WHAT TO PRODUCE >> What you write should match, word for word, the lines from the one containing "Patterned Jersey T-shirt main image" through the end of the data, with no pictures.

SUPPLIED INFORMATION >>

----

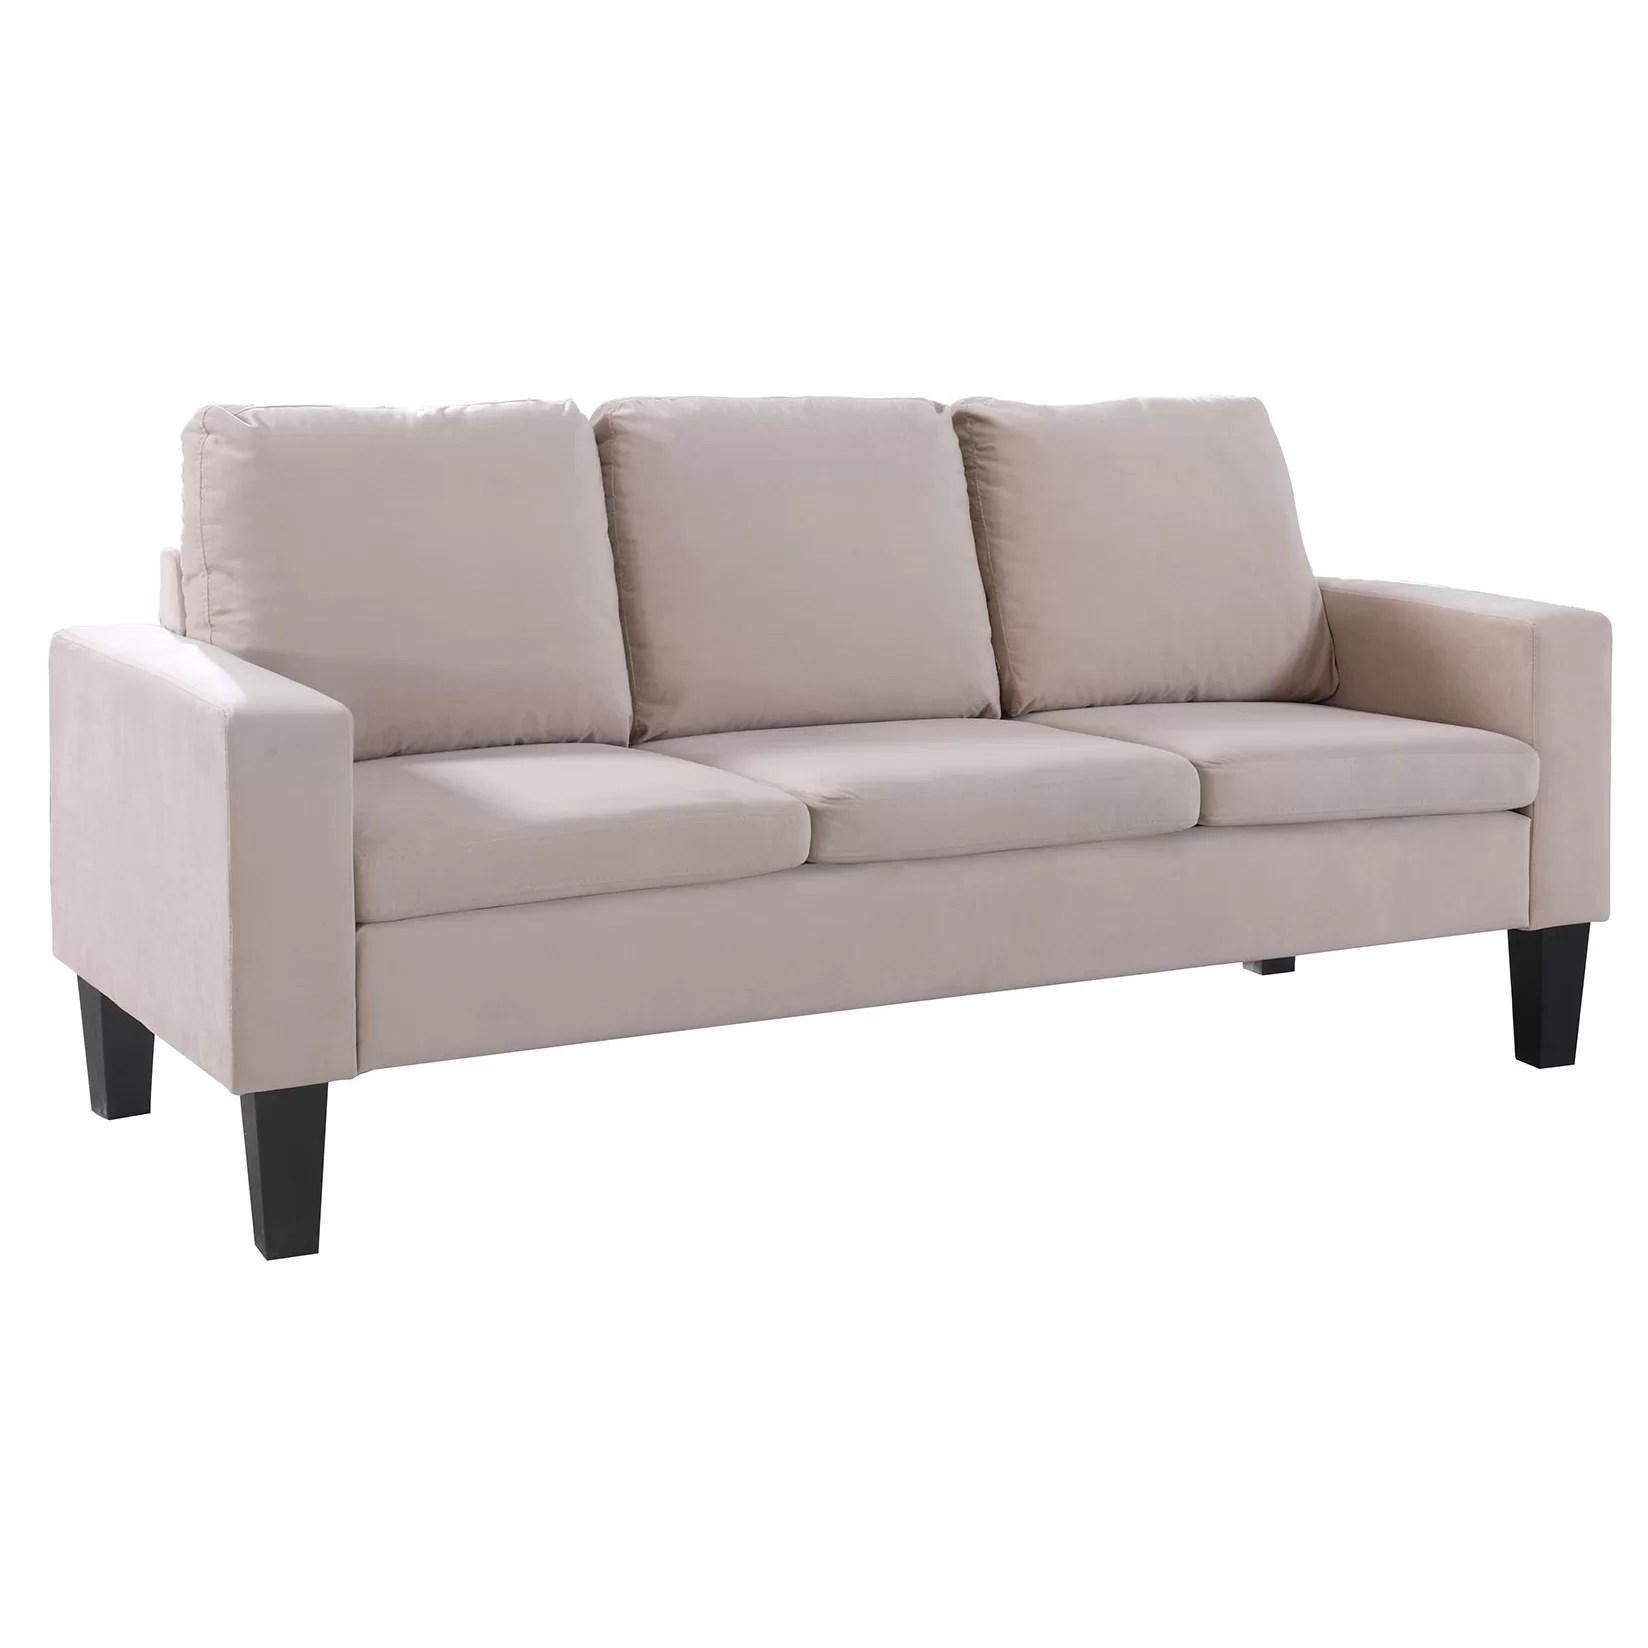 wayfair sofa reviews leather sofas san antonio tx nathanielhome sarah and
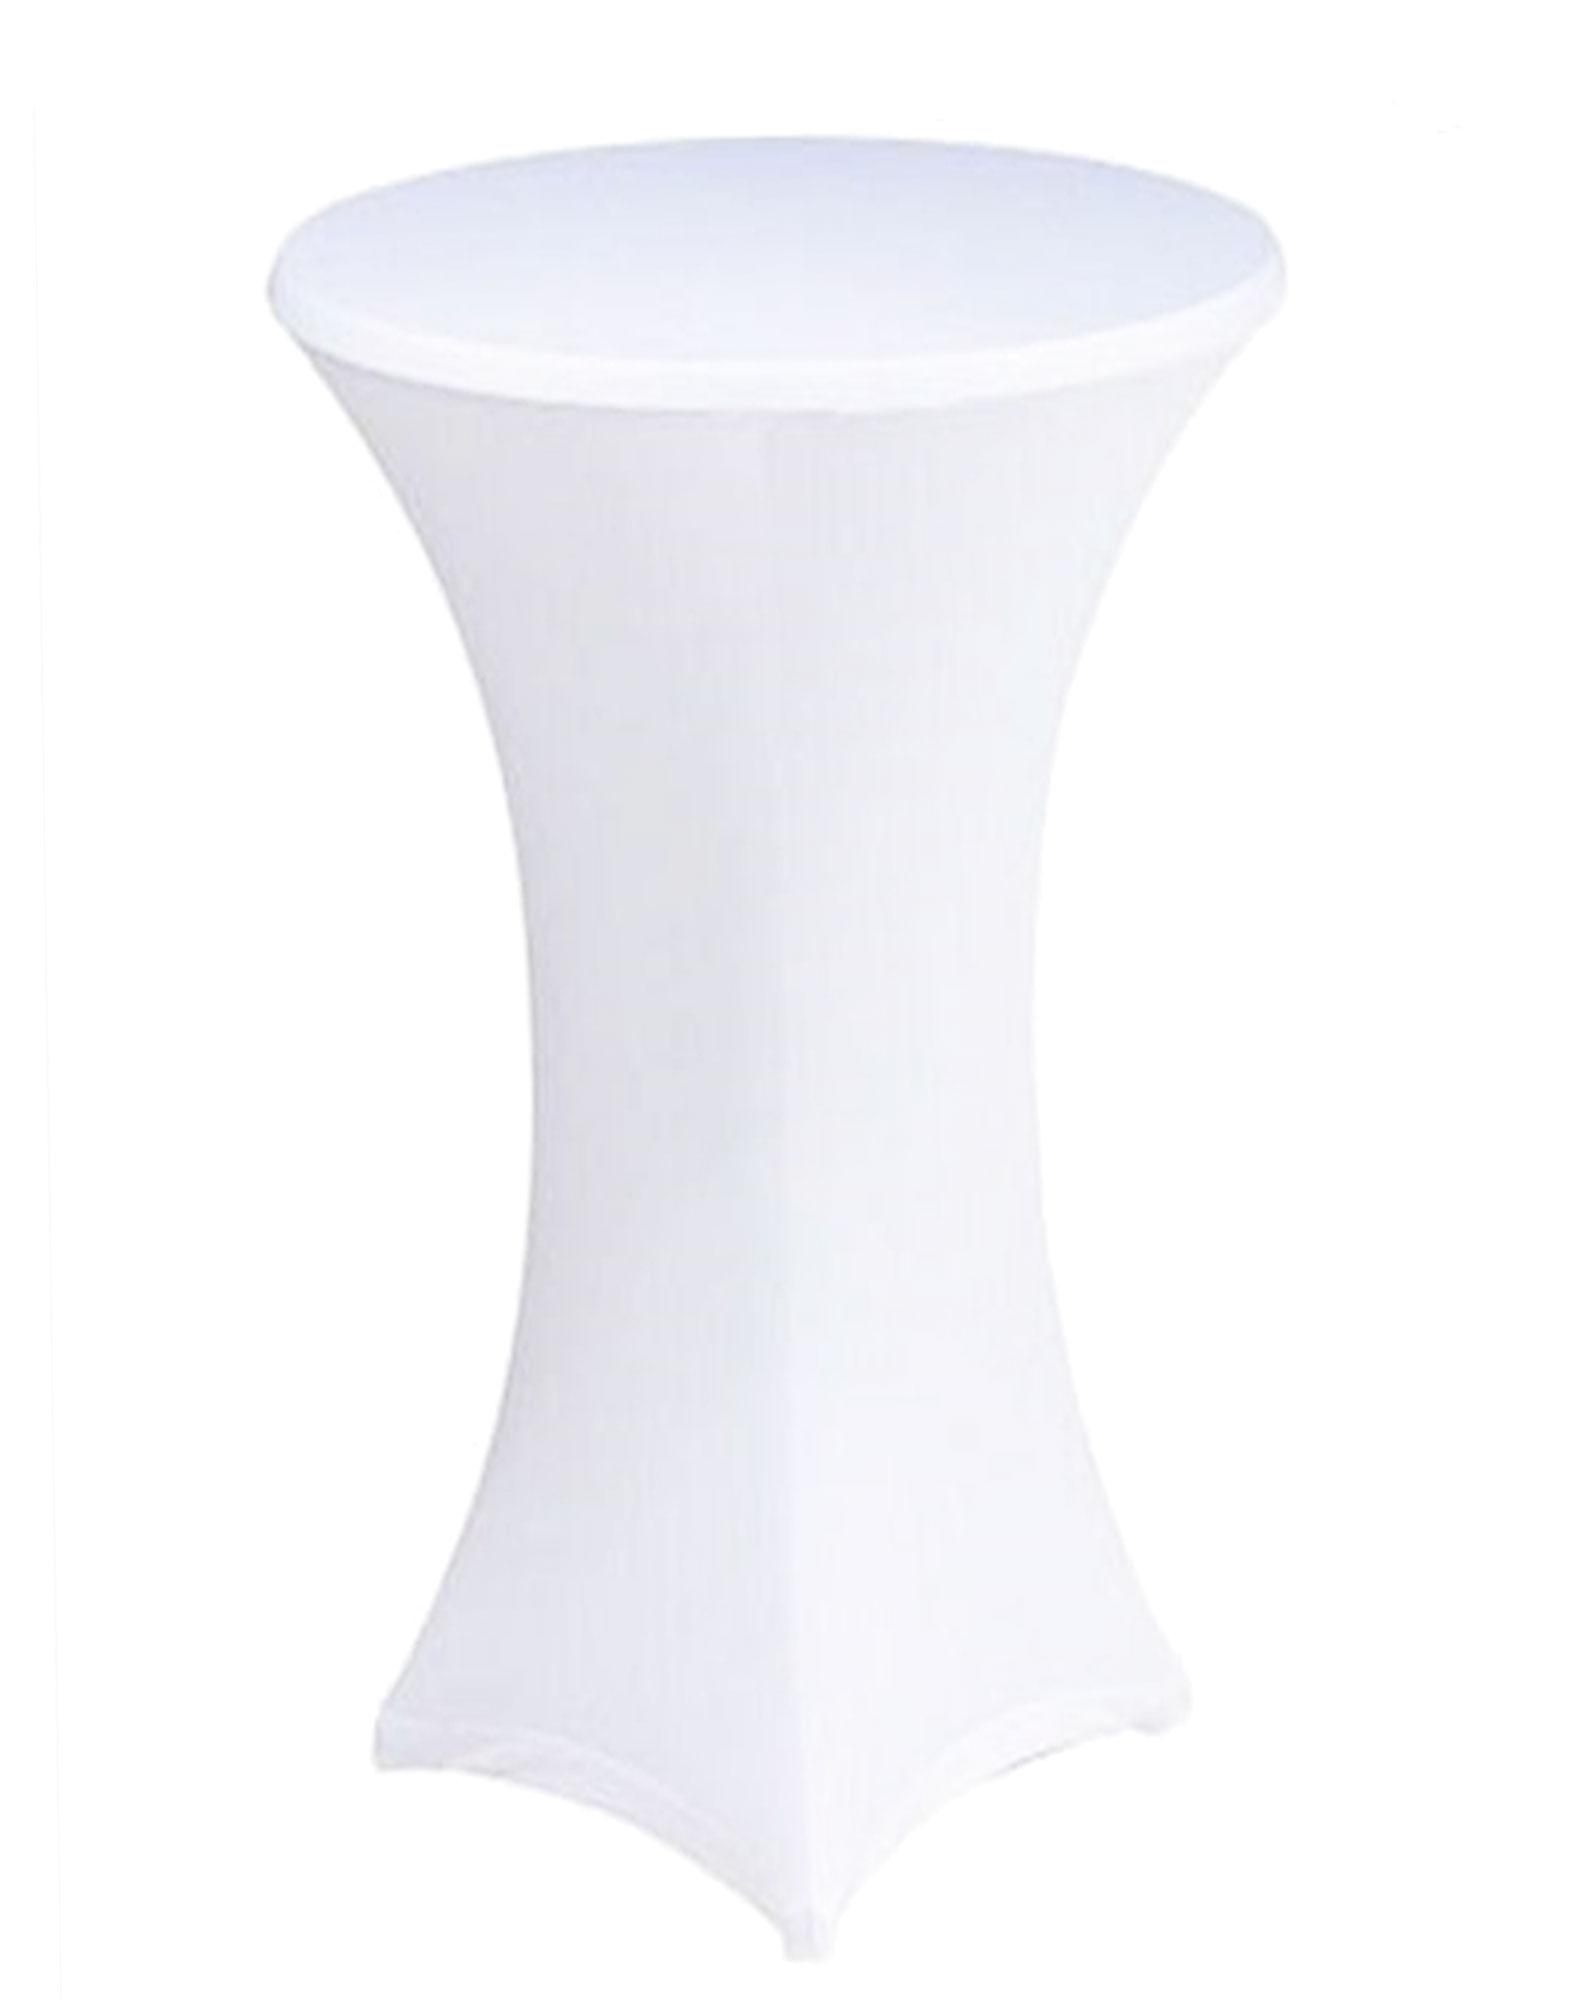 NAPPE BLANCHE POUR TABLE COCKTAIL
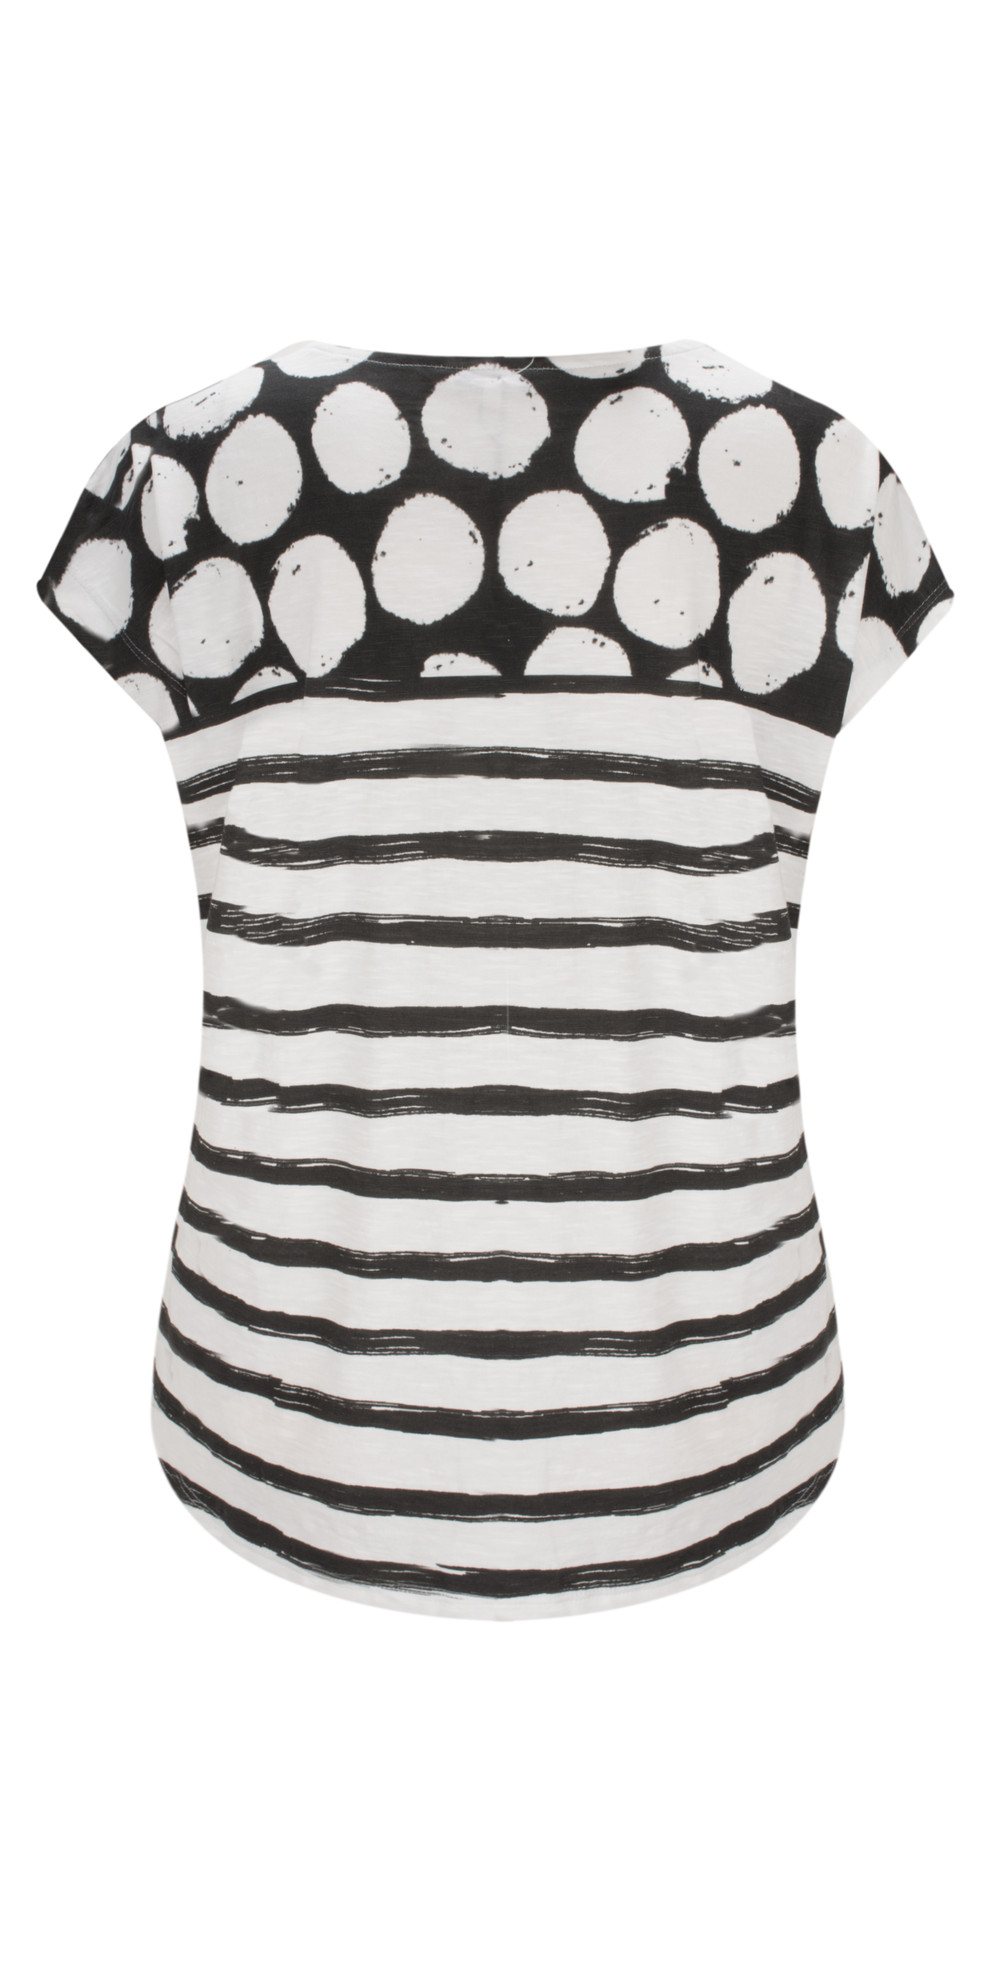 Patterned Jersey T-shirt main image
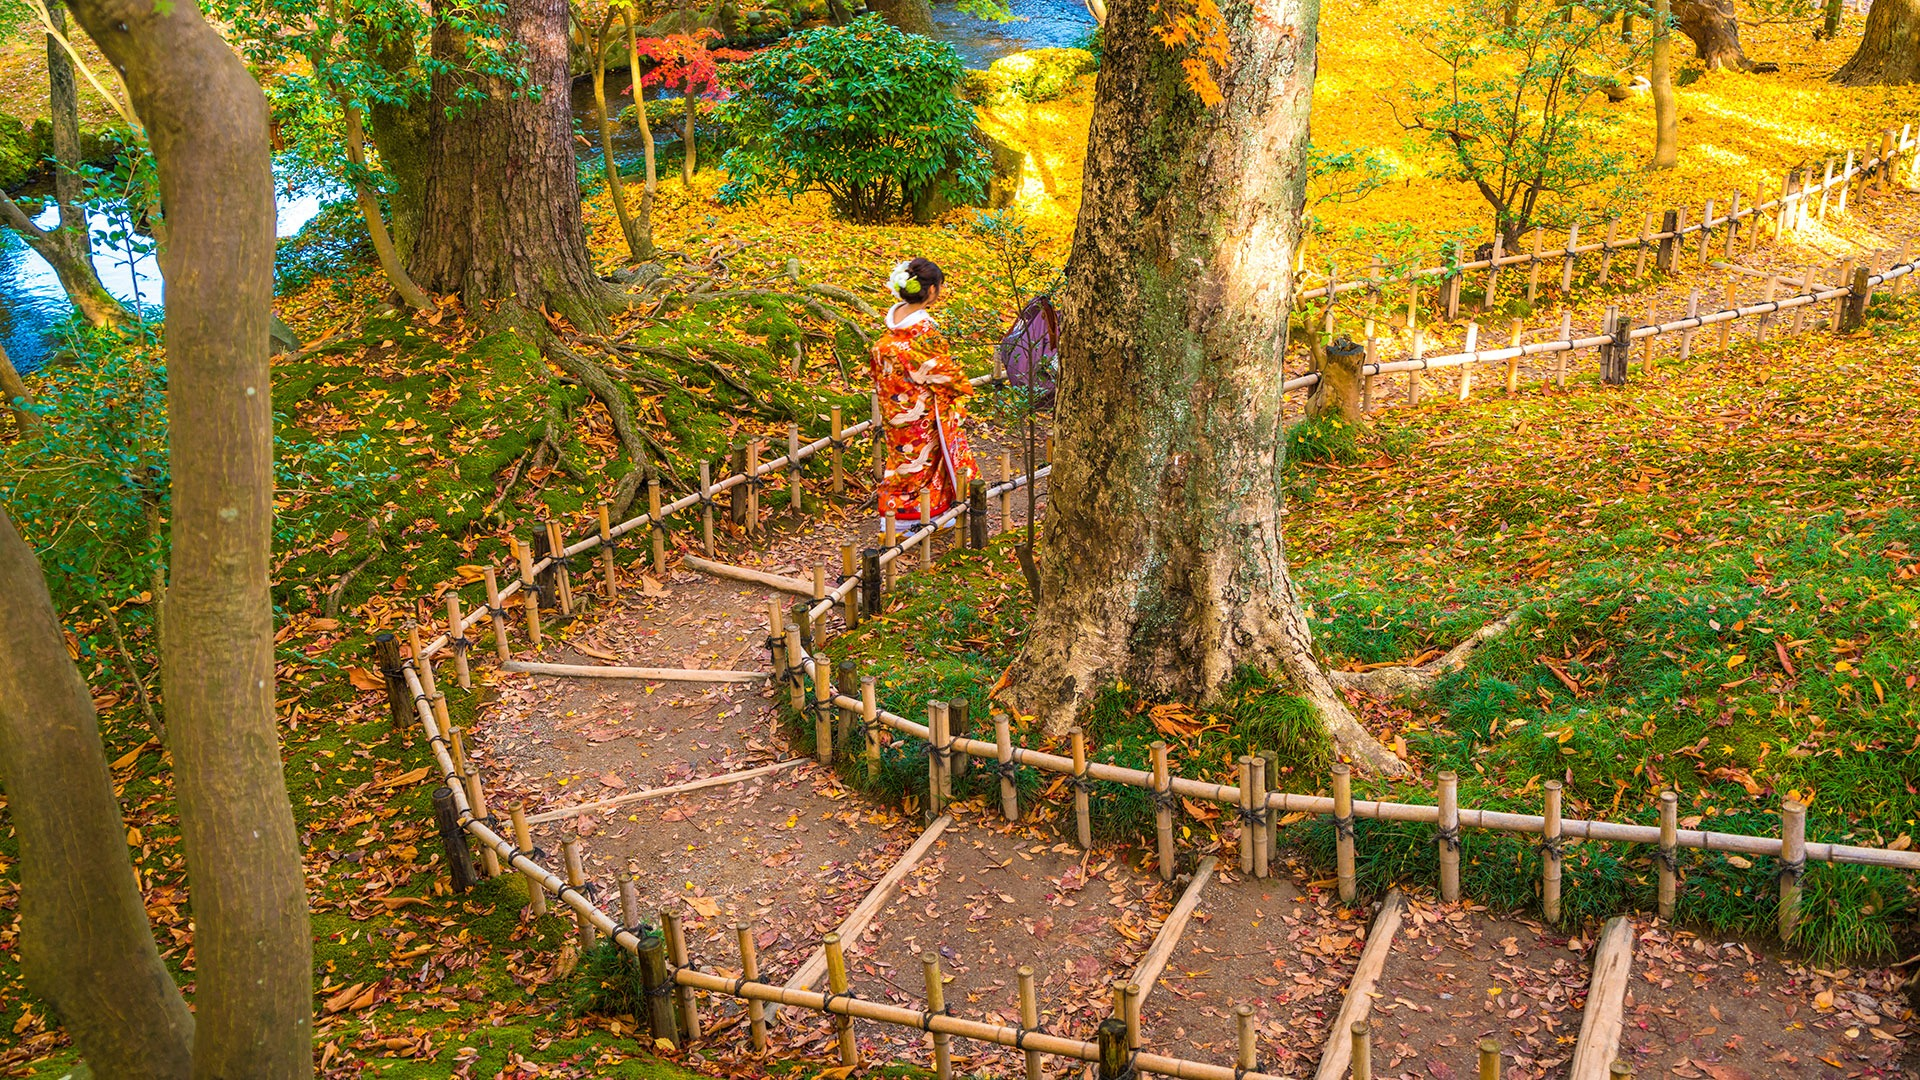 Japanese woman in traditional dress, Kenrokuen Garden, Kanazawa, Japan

----

REPLY >>
 Patterned Jersey T-shirt main image
 Japanese woman in traditional dress, Kenrokuen Garden, Kanazawa, Japan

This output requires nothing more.